Perhaps he was involved in the activities he would not have been able to achieve away with in his hold community, the same activities that bring fear into the hearts and minds of the parents and teachers of today's high denomination students.



When the son had exhausted all the inherited wealth given to him according to his father, a severe famine spread across the country and he was left without anything. thus he went to work for common of the citizens of the geographical division who sent him out to his farm to take care of the pigs.

Undoubtedly, this was a humbling experience for the son an experience which the other son not at all truly knew, but perhaps an experience which the father may have endur the same time in his own life. After all, Jesus was being prophetic. Prophecy sheds light upon human experience.

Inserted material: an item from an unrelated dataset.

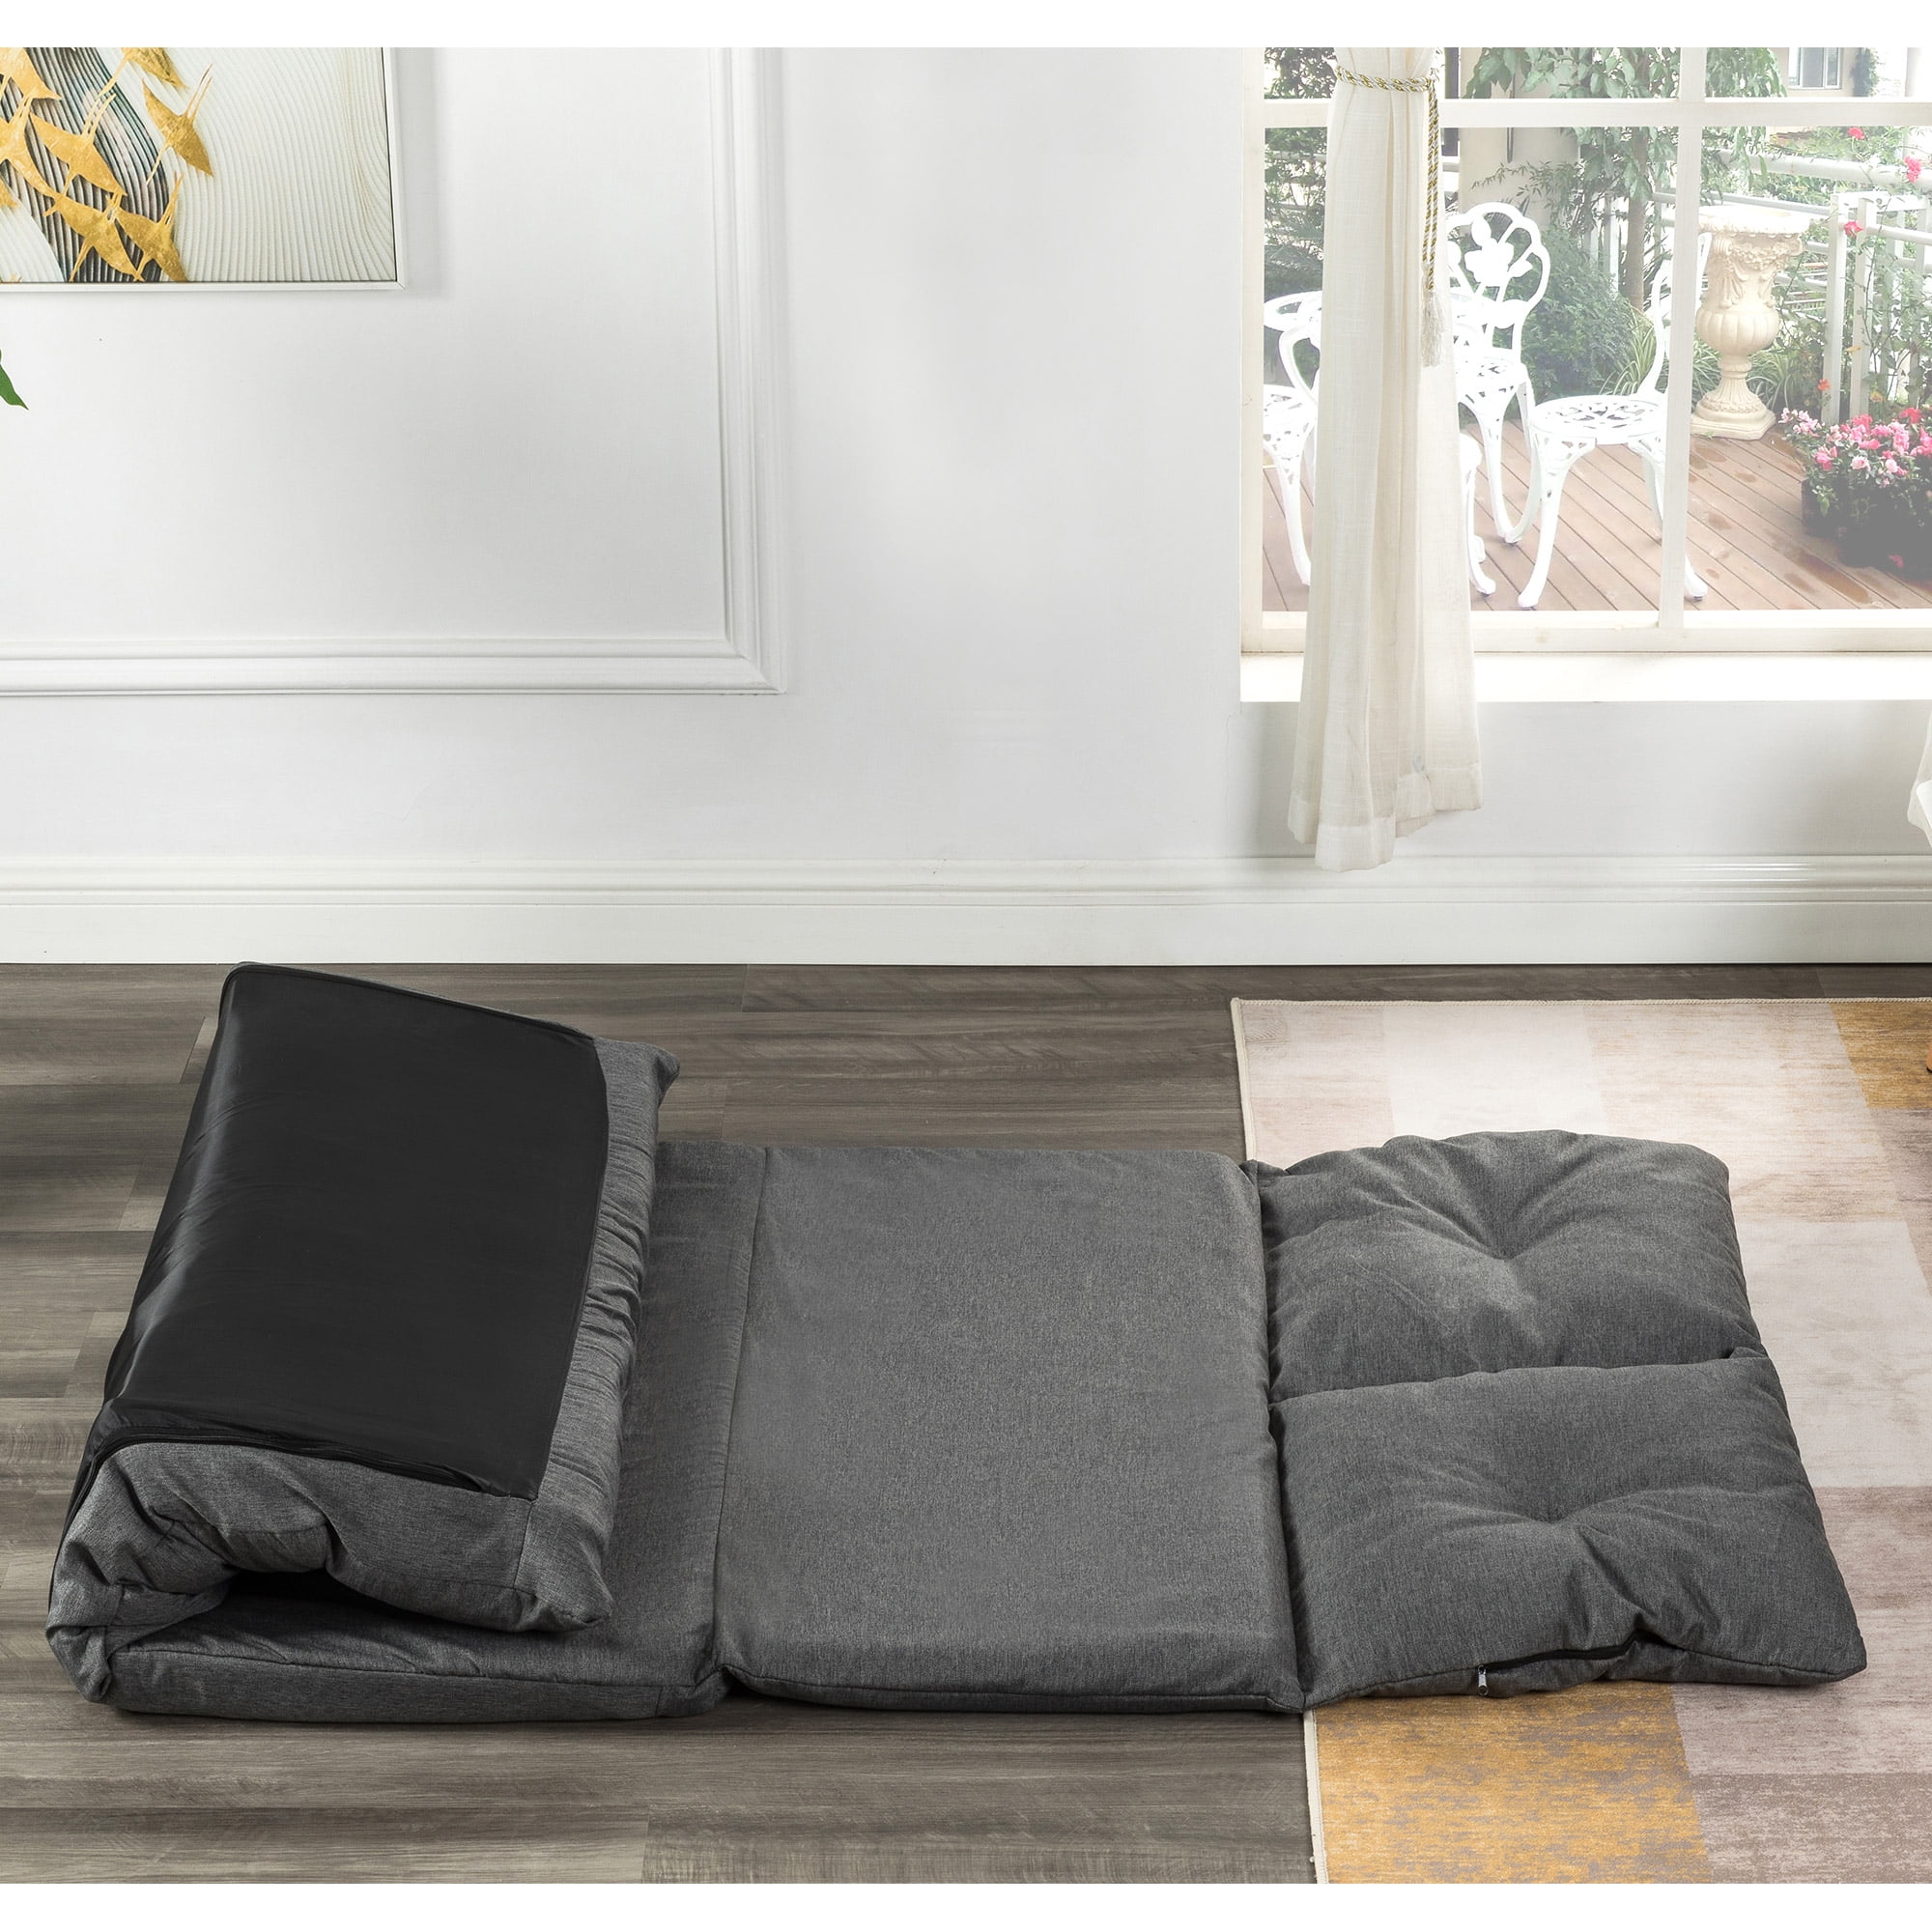 Details about   4” Full Size Folding Foam Mattress Tri-fold Sofa Bed Guest Floor Sleeping Mat 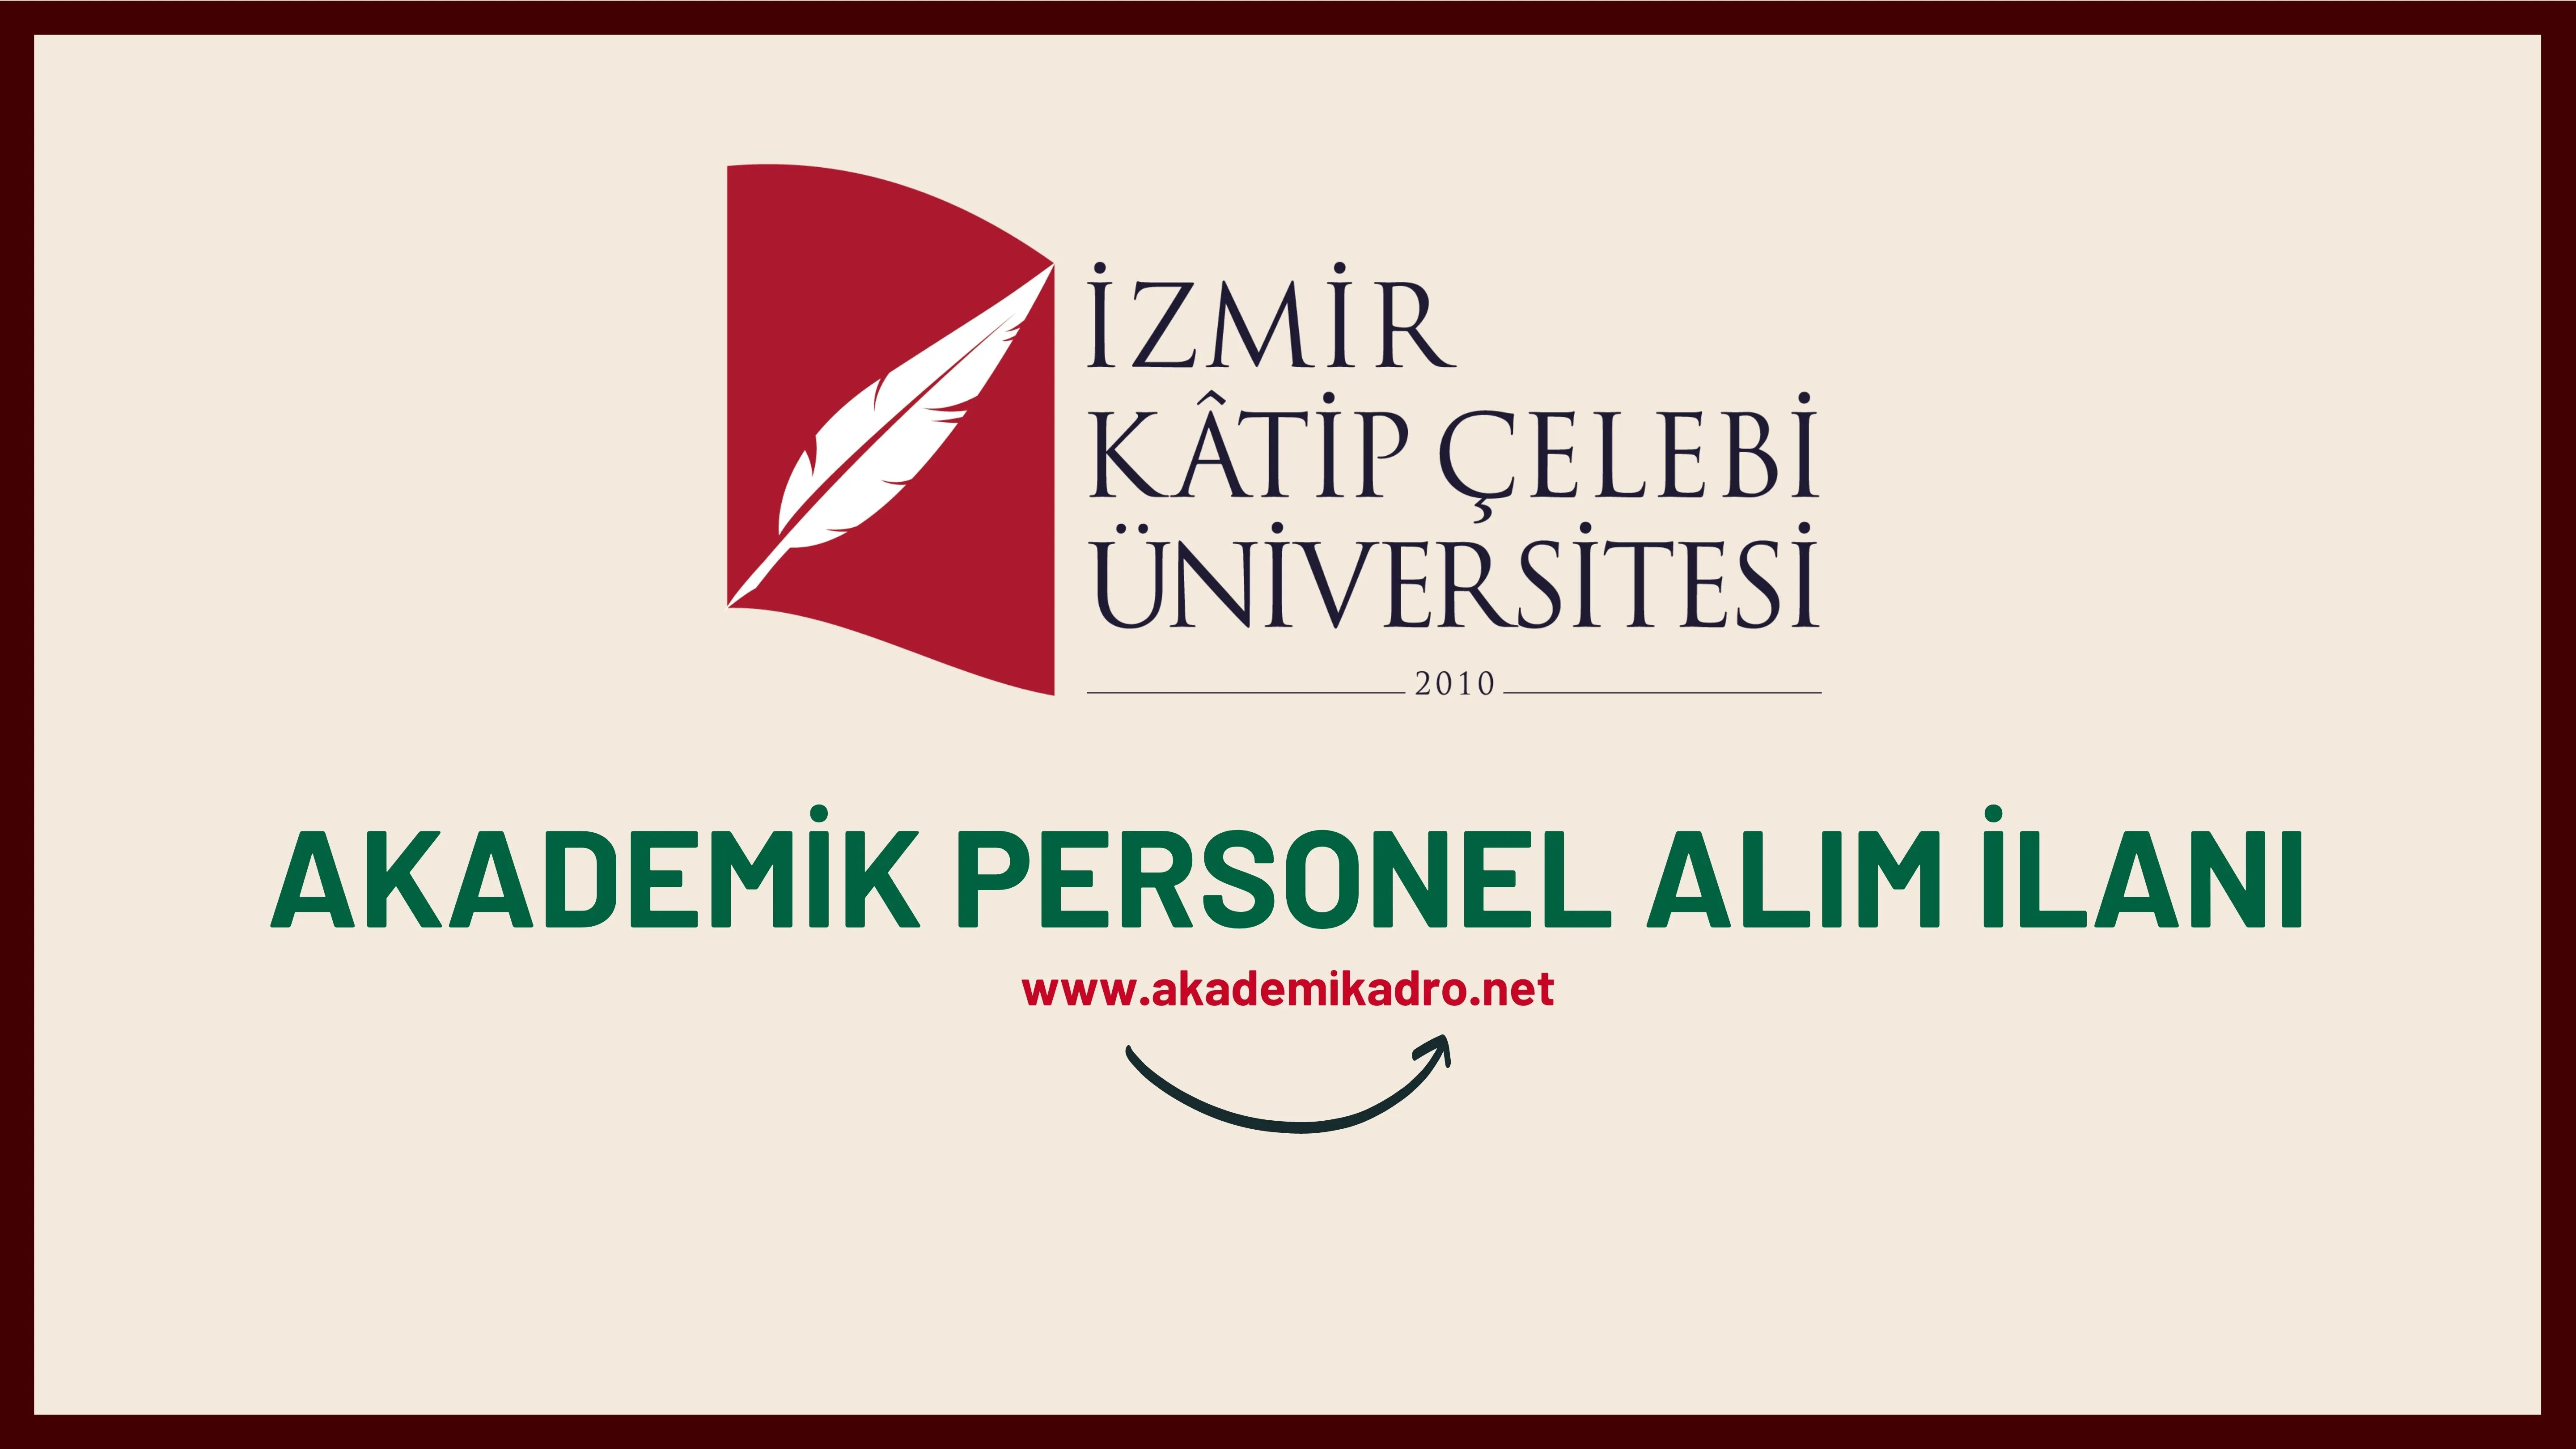 İzmir Katip Çelebi Üniversitesi birçok alandan 23 akademik personel alacak. Son başvuru tarihi 03 Ekim 2022.

Growing tired of this existence and having received a clearer perspective forward his life, which often accompanies an act of contrition, the male child attempts to return to his father. He had planned to say to his father: "I have sinned against the holy trinity and against you, I am no longer fit to be called your son; treat me as single of you hired workers."

He was still a extended way from home when his father saw him. Filled with pity, he ran towards his son throwing his arms around him.

The father called to his servants: "Hurry bring the best robe and present it on him, put a ring in succession his finger and shoes forward his feet. Then go and secure the prize calf and kill it and put to hire us celebrate with a feast! For this son of mine was dead, nevertheless now is alive; he was not to be found but now he has been found"

The same enthusiasm was not felt by means of the older son, who was not able to behold beyond himself, and thus remained in a psychological state of darkness.

Rembrandt was able to capture this pinnacle flash of jubilation and faith in consequence of the use of shades of light and darkness, brilliance and shadow.

undivided of the artist's most important choices was the choice of the the bulk of mankind in his work, and for us the choice of the someones with whom we develop shut intimate relationships.

We are called, as Catholic educators, to diocese even our most troublesome, problematic close examiner as needing to experience the grace of superhuman being in our classroom. It is my confidence that the Rembrandt painting in my classroom and the words and actions I allow to be lived disclosed in this room will excite such experiences.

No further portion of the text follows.